CHOMPFEST 2023
(NSFW photos warning)
Bait swam a very long way to get to become a finished film, during the journey which at one point had the talented well-diverse director Russell Mulcahy, attached to the project however due to scheduling conflicts with the Teen Wolf series he was unable to commit. But before we can discover who was the actual director there’s a far greater aspect to investigate, that’s the smorgasbord of writers for this 94-minute flick.
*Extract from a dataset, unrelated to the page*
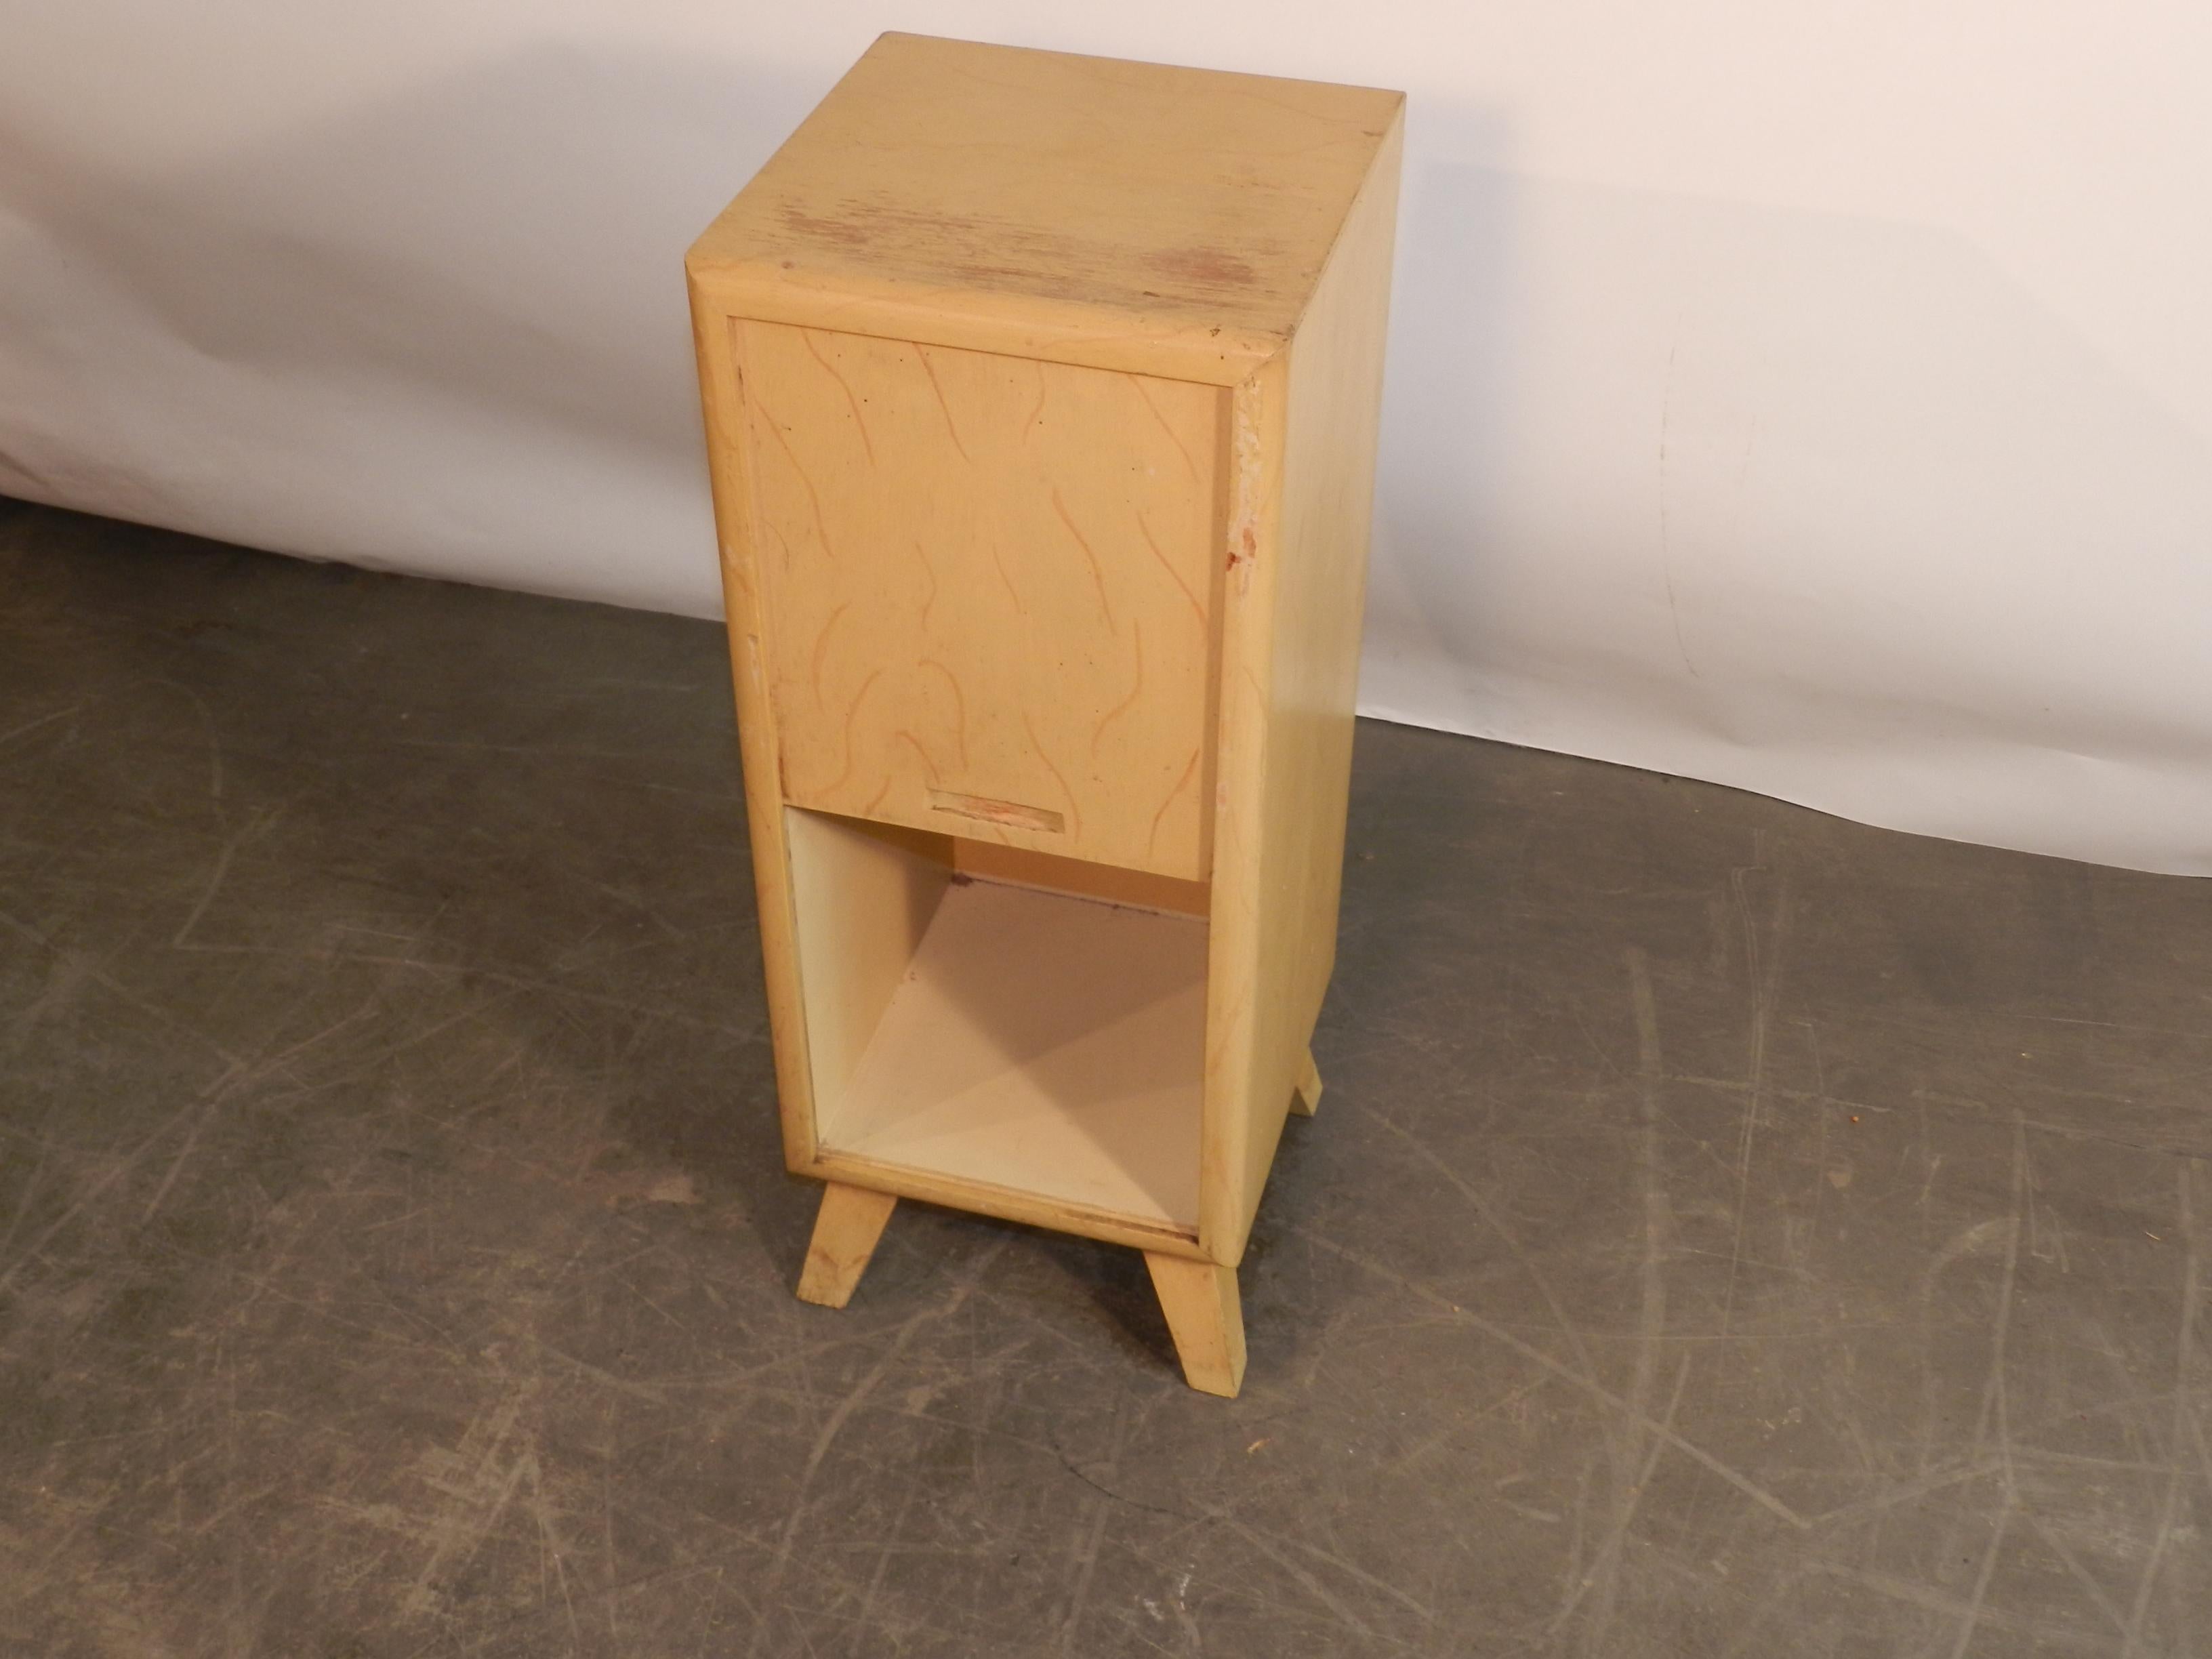 Funny little piece of furniture in painted maple, with a

Now often is the case that the director serves as a writer on a horror movie, or has at top two screenwriters, however this production had a total of 6! Obviously, that bloodied the waters, and made for confusion and plot holes that sank the logic faster than the ship Orca in Jaws [1975]. The first two writers were Mulcahy (Tale of the Mummy [1998] and John Kim, his only credit to date, then the additional writers were Shayne Armstrong and S.P. Krause both who worked on Acolytes [2008], aided by Justin Monjo and rounded out by Duncan Kennedy, who brought his understanding of shark horror to screen as he assisted in the writing process on Deep Blue Sea [1999]. As for finding a leader to helm the direction of the film that was handed to Kimble Rendall (Cut [2000]) with a hefty budget of $20-million, though a mere gross of $29-million, as the concept was a bit ludicrous, yet still plausible because of realistic possible that sharks could find themselves swept in land due to tsunami (or high rising storm swells). This conceptual design was later deployed in both Crawl [2019] and Swim [2021], of predators driven into commercial or residential location thanks to a turnabout of mother nature’s vicious destructive force to cause havoc.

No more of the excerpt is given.